In 1851, the Dakota people signed into two treaties with the United States Federal Government, the Treaty of Traverse des Sioux and the Treaty of Mendota, which together ceded their claims to millions of acres and enabled white settlement in Central and Southern Minnesota. In exchange, the Sioux were to receive a reservation and annual payments totaling more than two million dollars, but ultimately received little other than a few trade goods. Most of the payments were actually made to white traders (supposedly for goods provided to the Sioux) or stolen through corruption within the Bureau of Indian Affairs. When Minnesota became a state in 1858, the tribes sent representatives to Washington, D.C. led by Chief Little Crow to complain about not receiving the benefits negotiated in the treaty, but had little success. The land on their reservation proved not arable, and new settlement practices restricted hunting.

During the Dakota War of 1862, which began as treaty payments were due for distribution to the starving Sioux at Fort Ridgely, the Gull Lake Band under Chief Hole in the Day the Younger of Mississippi Chippewa rose to attack near-by Fort Ripley. Enmegahbowh prevented other Ojibwa bands from joining the Gull Lake Band, for which Chief Hole in the Day imprisoned him. Enmegahbowh escaped and traveled thirty miles at night to warn Fort Ripley. This discouraged the Gull Lake Band from attacking the fort. However, many Ojibwe resented Enmegahbowh's actions for years, even though he followed his people (and the Gull Lake band and other Ojibwa) when they were removed to the environs of the Leech Lake Indian Reservation and then eventually to the White Earth Indian Reservation.
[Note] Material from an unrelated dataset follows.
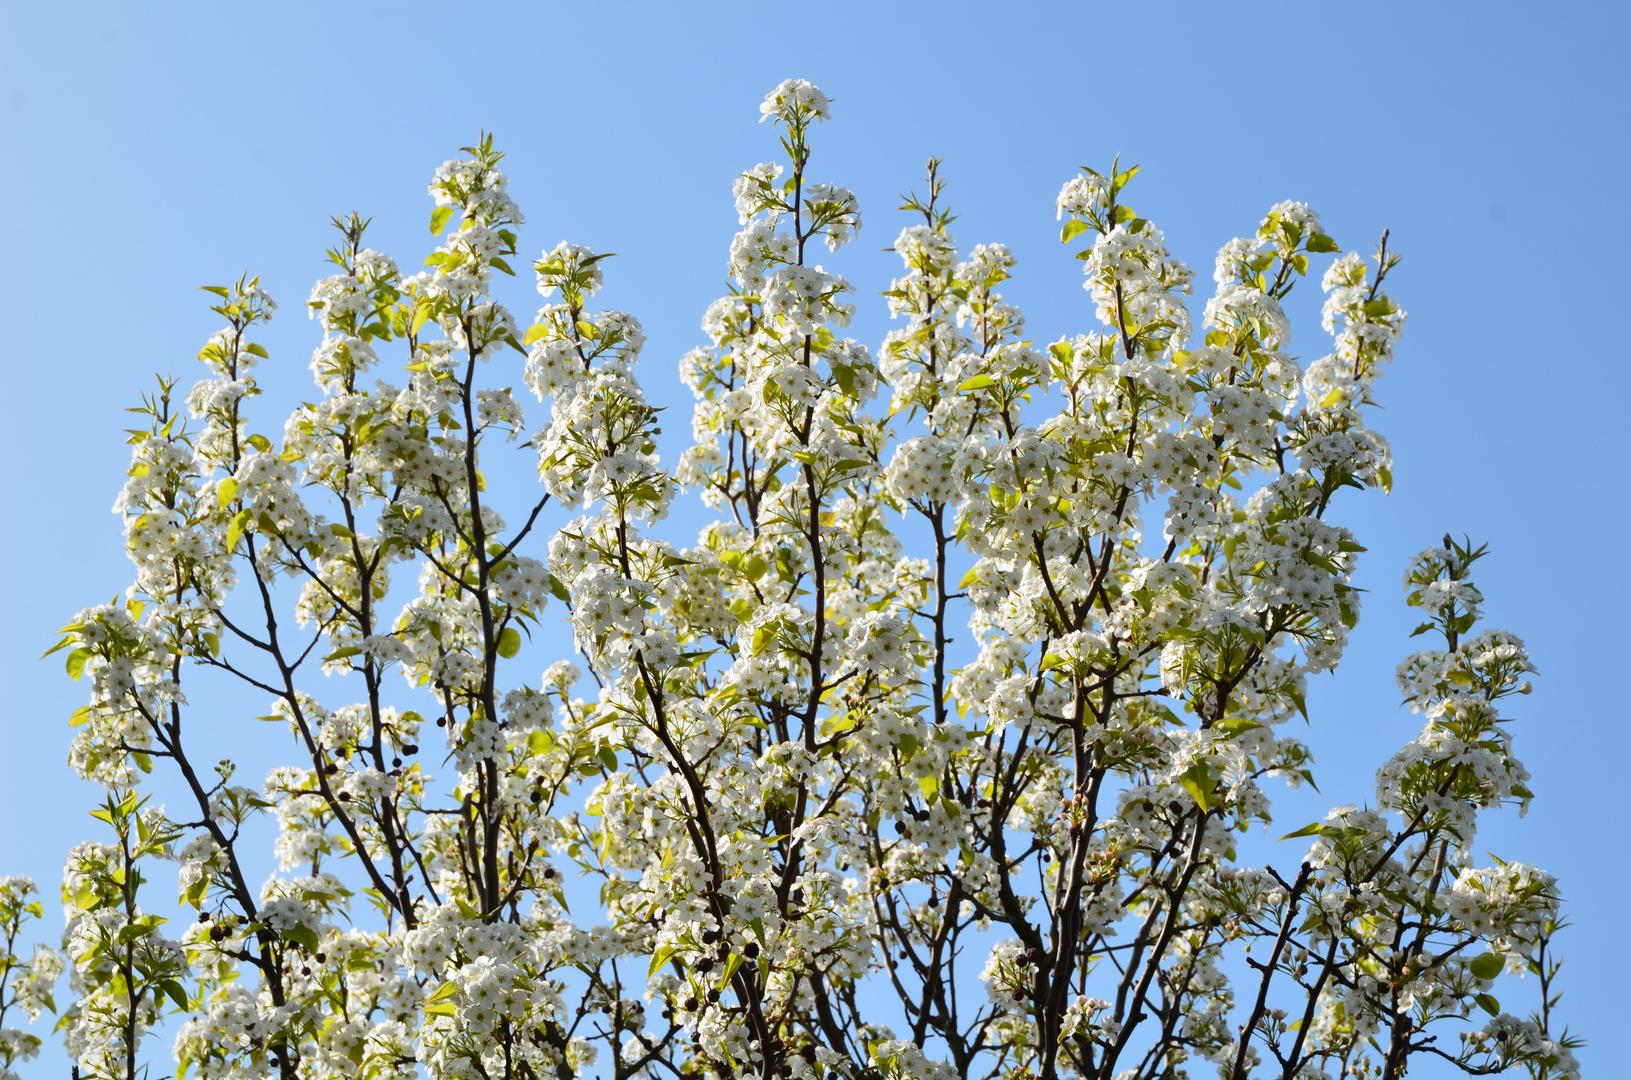 Weißer Baum, Blumen blühen gegen einen leuchtend blauen Himmel.

In 1867 Bishop Henry Benjamin Whipple ordained Enmegahbowh a priest. In 1869 he encouraged Chief White Cloud's mission to establish peace between the Ojibwe and the Sioux in 1869.
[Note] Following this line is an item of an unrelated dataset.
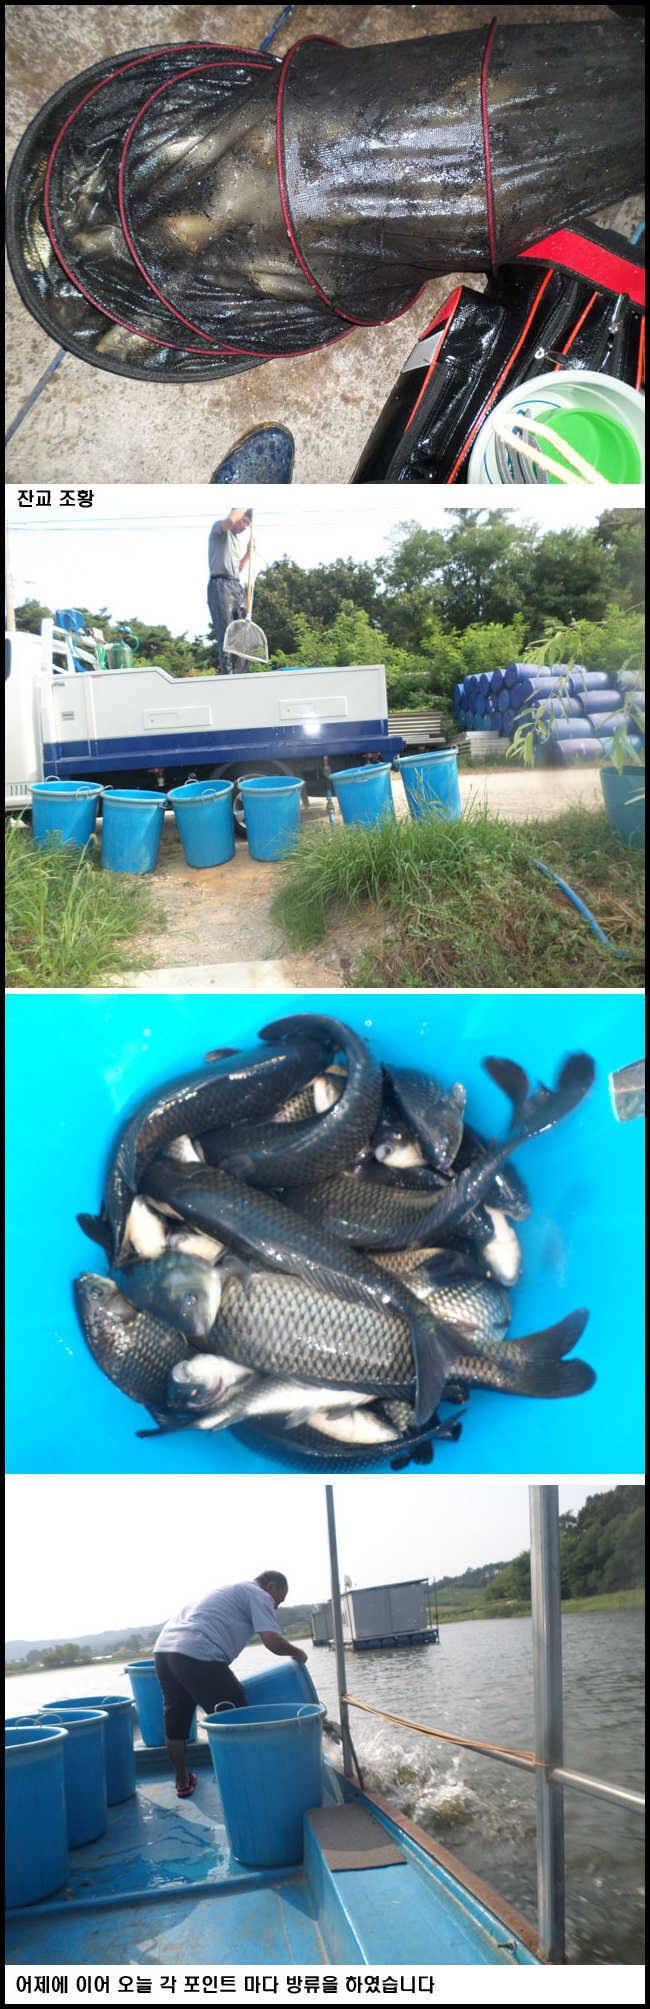 fish_pay_11043830.jpg

In March 1880, Enmegahbowh and Chief Fine-Day traveled across the eastern United States for three months in order to raise money for a new St. Columba Episcopal Church at White Earth. While in Ohio, they impressed the governor, and also addressed the Ohio state legislature, raising $6000 for their project. After Chief Fine-Day died in 1883, Enmegahbowh referred to him as "our noblest chief" and recommended that a stained glass window in the church memorialize him.

==Death and legacy==
Enmegahbowh died at the White Earth Indian Reservation in northern Minnesota on June 12, 1902 at the age of 95, and is buried in St. Columba's churchyard. The people of St. Columba's honor him each June during the White Earth Pow-Wow. The Episcopal calendar of saints remembers Enmegahbowh on June 12.
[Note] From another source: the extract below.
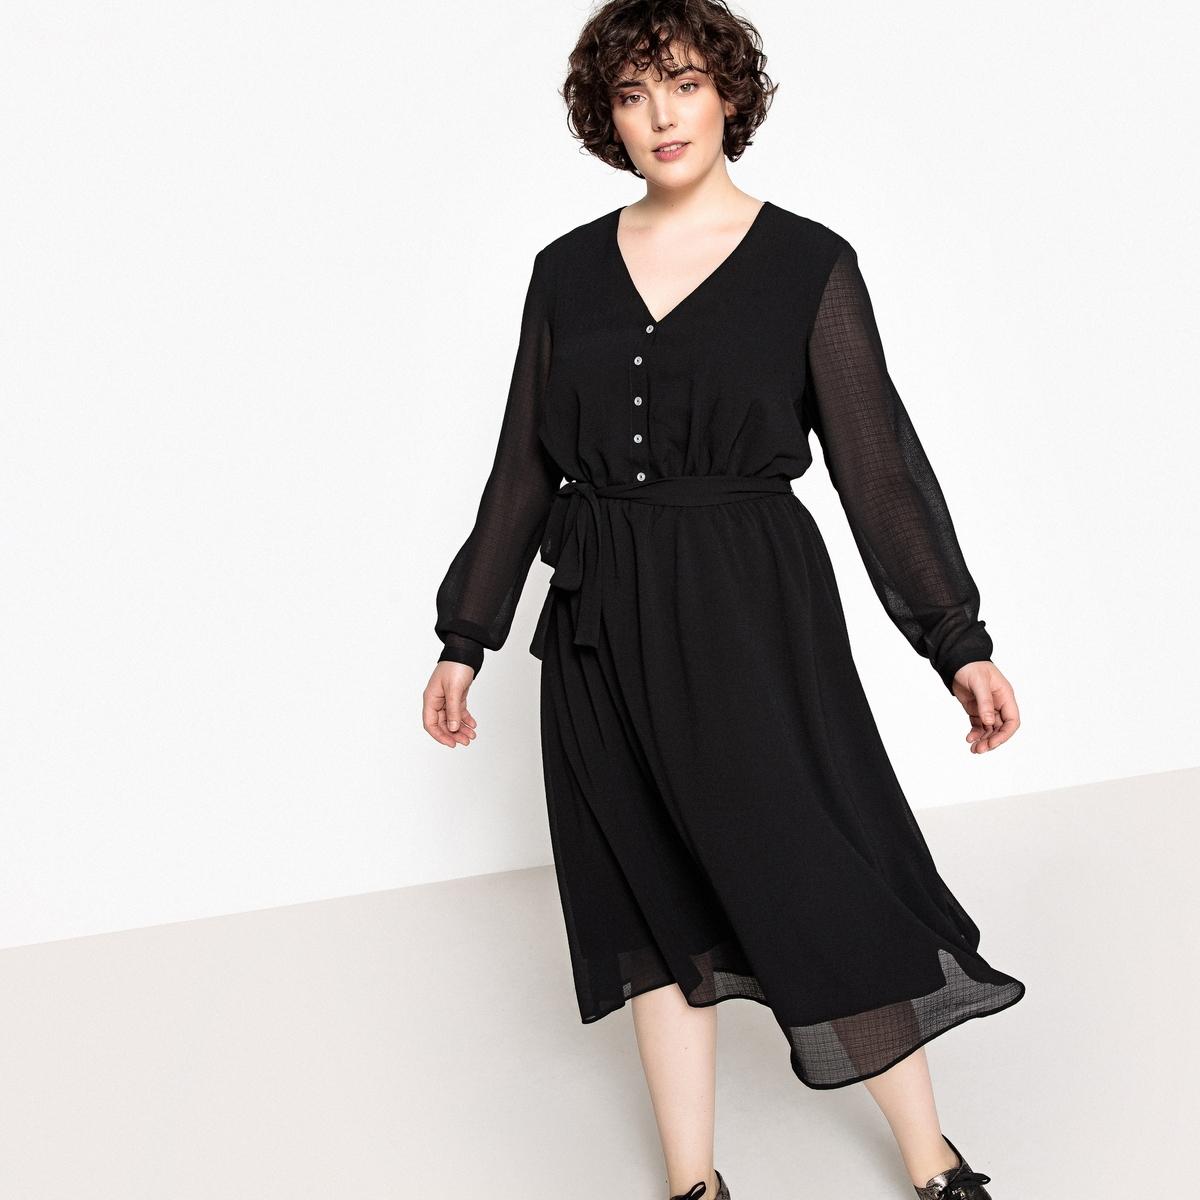 Платье прямое с ремешком на талии, длинные рукава кутюр осень клуб европы новые длинные глубокий v шеи холтер низкой вырезать платье накладки 21706

Owanah Anderson, in Jamestown Commitment: The Episcopal Church and the American Indian, states that "Church historians have slighted the role of an Indian man, Enmegahbowh, in chronicling the coming of Christianity to the Ojibwa of northern Minnesota. While Whipple was the broker, Enmegahbowh was the implementer. While Whipple would come to be known as Apostle to the Indians, it was Enmegahbowh who served as the bishop's enabler, loyal companion, associate, and interpreter for more than 40 years." He is memorialized in the Enmegahbowh Healing and Reconciliation Station at St. Mark's Cathedral, Minneapolis.